Queen's Club Gardens became Sporting Club Square in my fiction but we lived there a long time until it was 'discovered' by yuppies. Nobody knew this wonderful square full of trees, with a little park and tennis courts for the residents, entirely surrounded by what were essentially working class public housing -- what Americans call projects -- of a typically ugly kind. One of these 'estates' (the English word) was reckoned to be dangerous. Of course, it wasn't. It allowed us to live there for just over a decade before it was overrun with rude, pushy people. Until then it had been mostly rent-controlled Victorian apartments with a wide range of people living there. I miss the flat, but only as it was. It was becoming hell to live there. That's the problem with sanctuaries -- you find one and the people you're trying to get away from will eventually find it, too. I call it my lizard theory of human behaviour. One smart, curious lizard find the best, sunniest spot on the rock and the other lizards all come and climb on top of him.

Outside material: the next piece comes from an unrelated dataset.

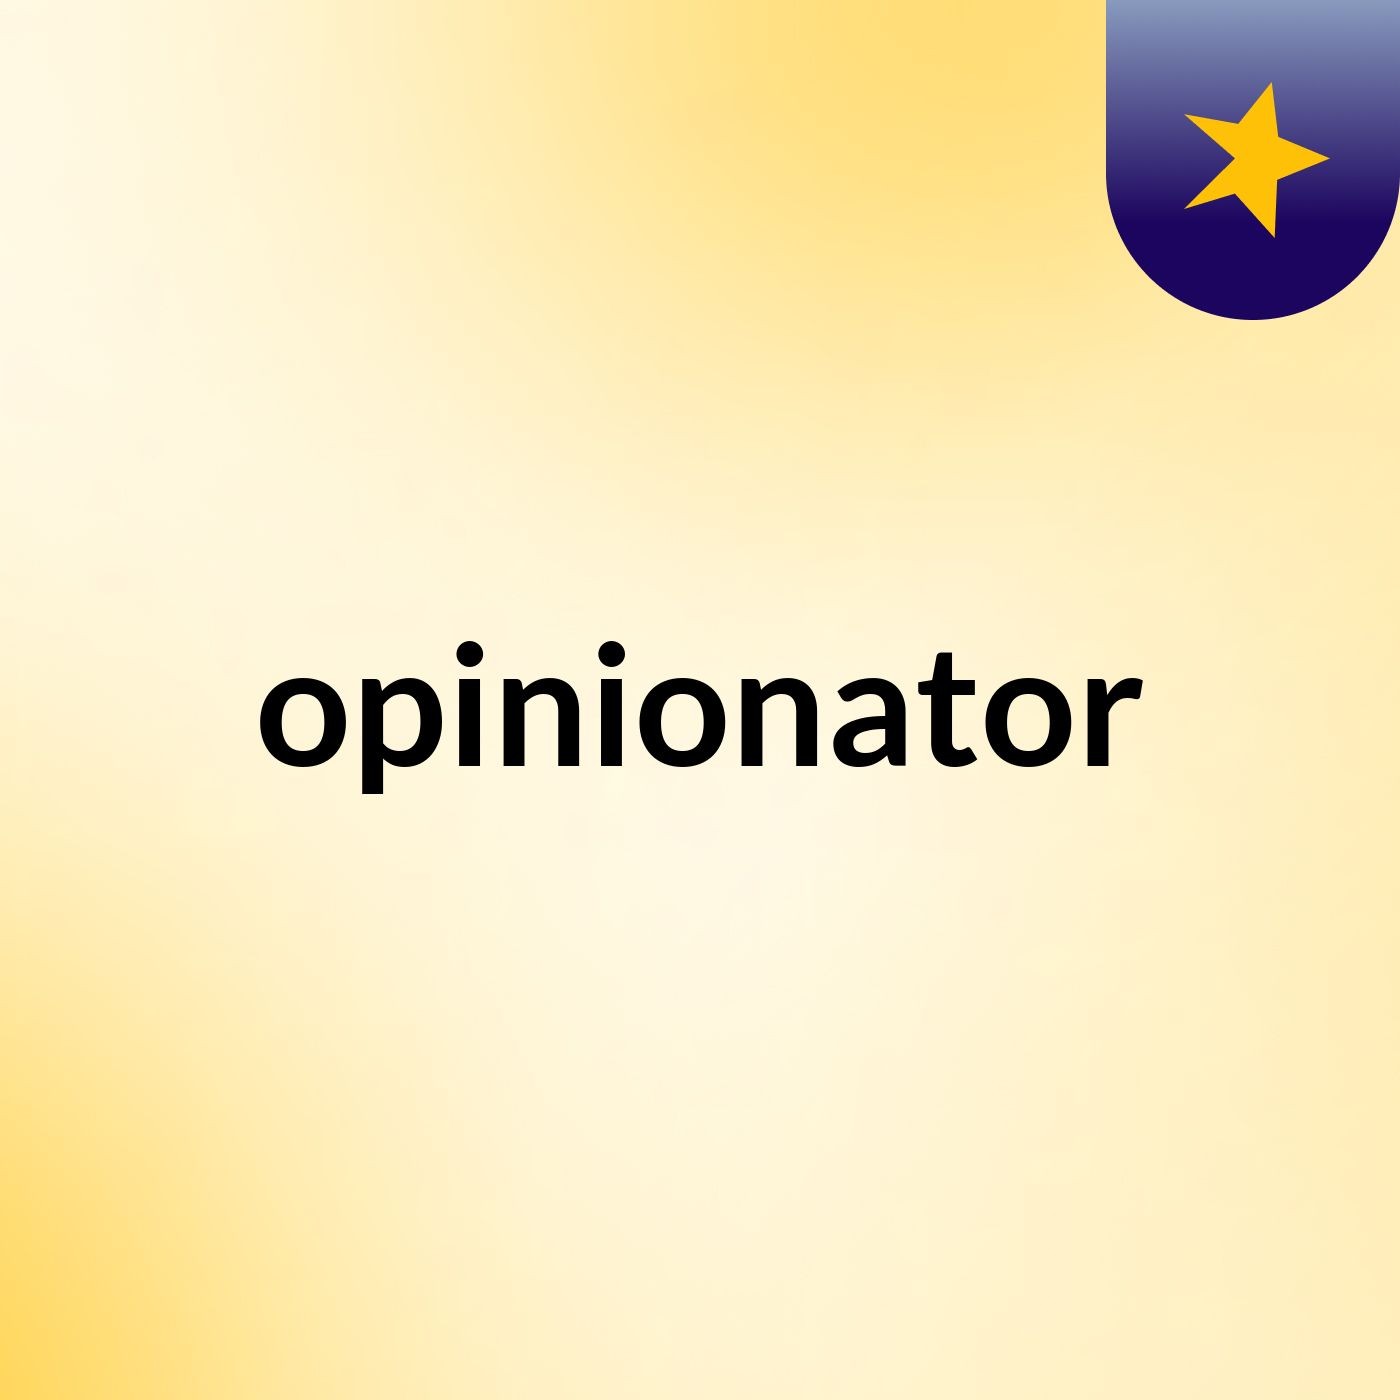 opinionator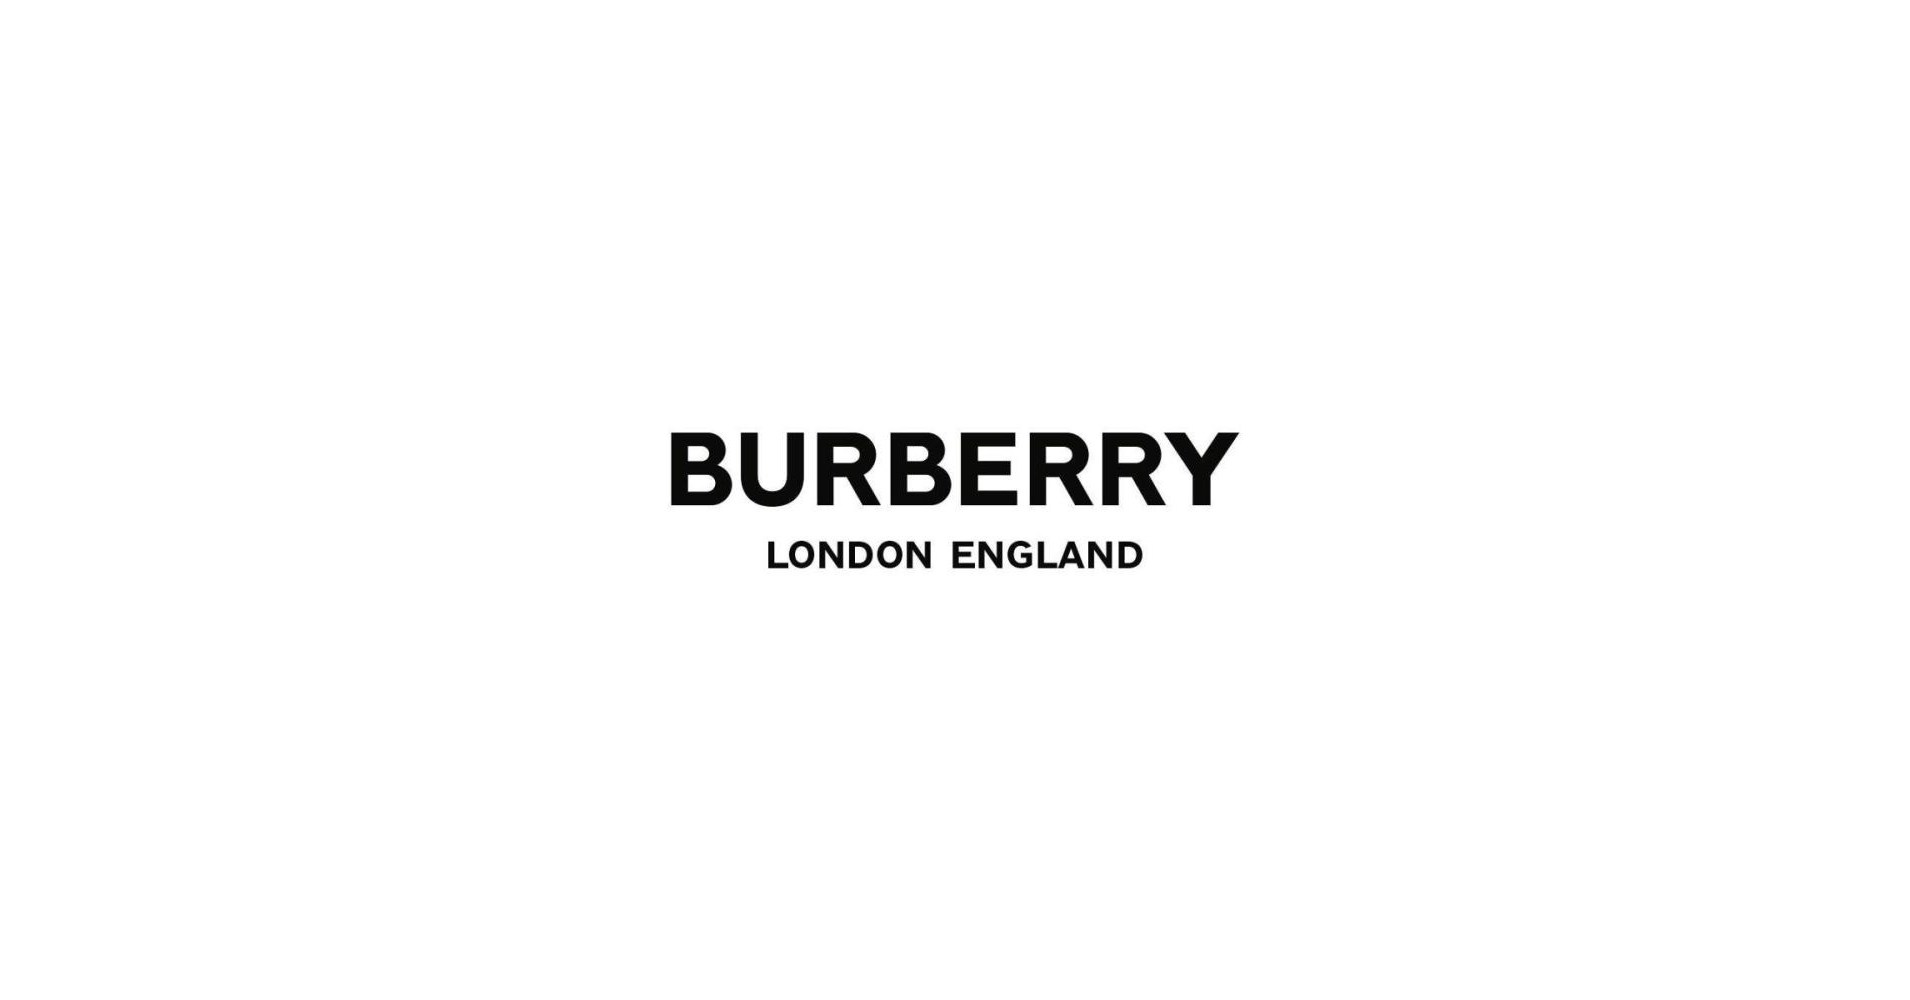 Логотип Burberry - топ новых бесплатных фото

My first wife Hilary Bailey got a good degree at Cambridge and said she couldn't work for years because of everything she'd been taught about English Literature. She wasn't the only one who found a kind of freedom in science fiction, something which resonated for her. Her first long published story was a sci-fi novella in New Worlds, The Fall of Frenchy Steiner. I still know very smart, very good writers, good academics, who find they are science-fiction writers. There's a friend of mine at the moment, seriously well published poet and novelist, who wrote some stories he didn't know what to do with and I suggested he send them to Asimov's who bought them. He was delighted. "I'm a science-fiction writer and I didn't know it. Great!" was his response.
Well, by and large we've lost that exciting, experimental feeling and you're right, it was the same impulse which drove the Beatles and you can see them on The White Album striving to get back to their roots. Same in Let It Be. Johnny Lennon was a natural musician. I'm not knocking the others, but without Lennon they couldn't have lasted and become so great. You have to keep in touch with those roots, even as you keep pushing the envelope. You can't leave pulp behind without losing the vitality originally informing your work. I agree with Neil entirely. I wrote and write comics and I collect toy soldiers, not models or miniatures or figurines. When I write science fiction I like to say so. Ballard was exactly the same. Not everything you write is science fiction, but when you write it you don't need to spiff it up with another name for it. Also, that sense of curiosity disappears when publishers can tell you what does and doesn't sell. It was great when they didn't know what sold!